For some purposes, the locking provided by SQL operations does not meet the needs of the application. For these situations, Oracle provides the DBMS_LOCK package which provides application level locking.
This posting describes how to understand application level locking activity from AWR, ASH and other sources of information. It will help you to understand Oracle wait events like 'enq: UL - contention' and diagnose one possible cause of 'missing' response time in which some of the info provided by the Oracle AWR report may not be quite what you would expect.
Locking Strategies
There are two types of strategy that I've encountered when looking at application level locking. The first strategy uses DBMS_LOCK.REQUEST to try to acquire a lock and optionally specify the length of time for which the application is prepared to wait if another session already has the lock.
The second strategy is one that I would call 'polling' in which the application performs a rapid check to try to acquire a shared resource. This may use DBMS_LOCK with a very short timeout or it could (more likely) use a completely different implementation. If the resource cannot be acquired then the application waits using DBMS_LOCK.SLEEP for a period of time before retrying.
Trying it Out
I wanted to be able to run some predictable tests and then look at the results using various monotoring tools. For this purpose, I used some sample code that in the form of a PL/SQL package creates and then acquires an application lock called 'printer_lock' using DBMS_LOCK. I then started two sessions using SQL*Plus. In the first session, I created the lock and acquired it. In the second session I tried again to acquire the same lock which of course caused this session to wait because the lock was held by the other session.
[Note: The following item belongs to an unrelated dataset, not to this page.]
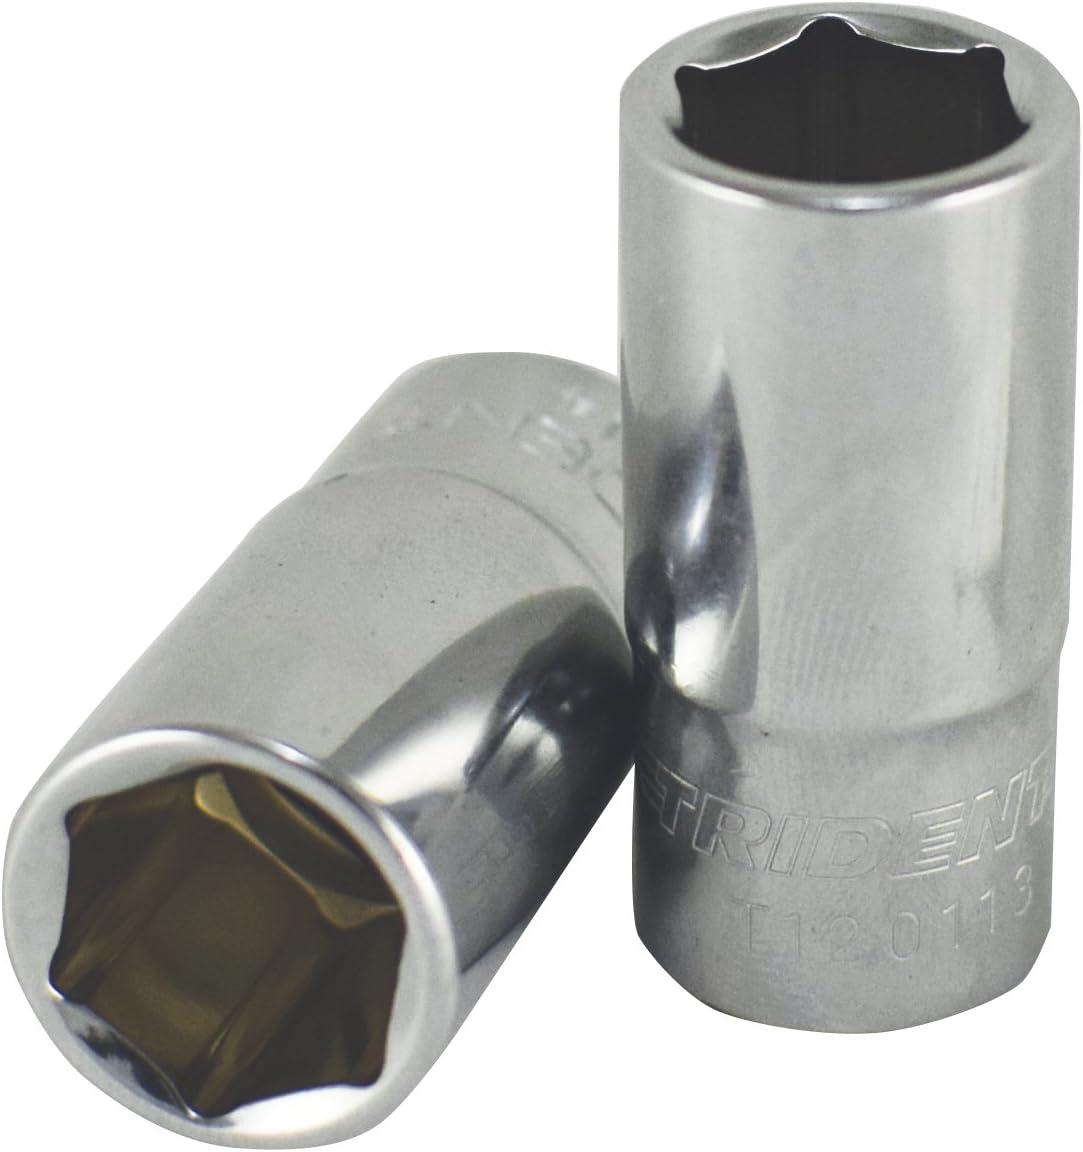 Trident 3//8 Drive Semi Deep Socket 12mm 40mm Deep T120112 Free P/&P

I also added my own procedure to call DBMS_LOCK.SLEEP. In this case I didn't do any real 'locking' - I just wanted to see how a session calling this procedure would show up in the monitoring reports.
Visibility in Performance Reports
AWR can shed light on the wait time for application level locking using DBMS_LOCK.REQUEST. From this we can get a good understanding of whether our application might be getting delayed by application locks.
The first sections that contain information that we're interested are the 'wait class' and 'wait events'. Let's look at the more detailed 'wait events' section first. Here we will see the wait event 'enq: UL - contention' providing details of the total time waited while using APIs such as DBMS_LOCK.REQUEST (but not SLEEP) to acquire a lock. This info is also summarized into the wait class under 'Application'.
If the locking is being executed by PL/SQL code then AWR may also show us the top-level calling PL/SQL procedure in the 'SQL by Elapsed Time' section. The time spent waiting to acquire the lock will be counted in the elapsed time of this procedure.
The ASH report provides similar visibility, again highlighting the same wait event and the calling procedure. It can also provide details of the session that is waiting. Because ASH works by sampling it may give a slightly different picture from that shown by AWR and can be a better tool for some types of problem.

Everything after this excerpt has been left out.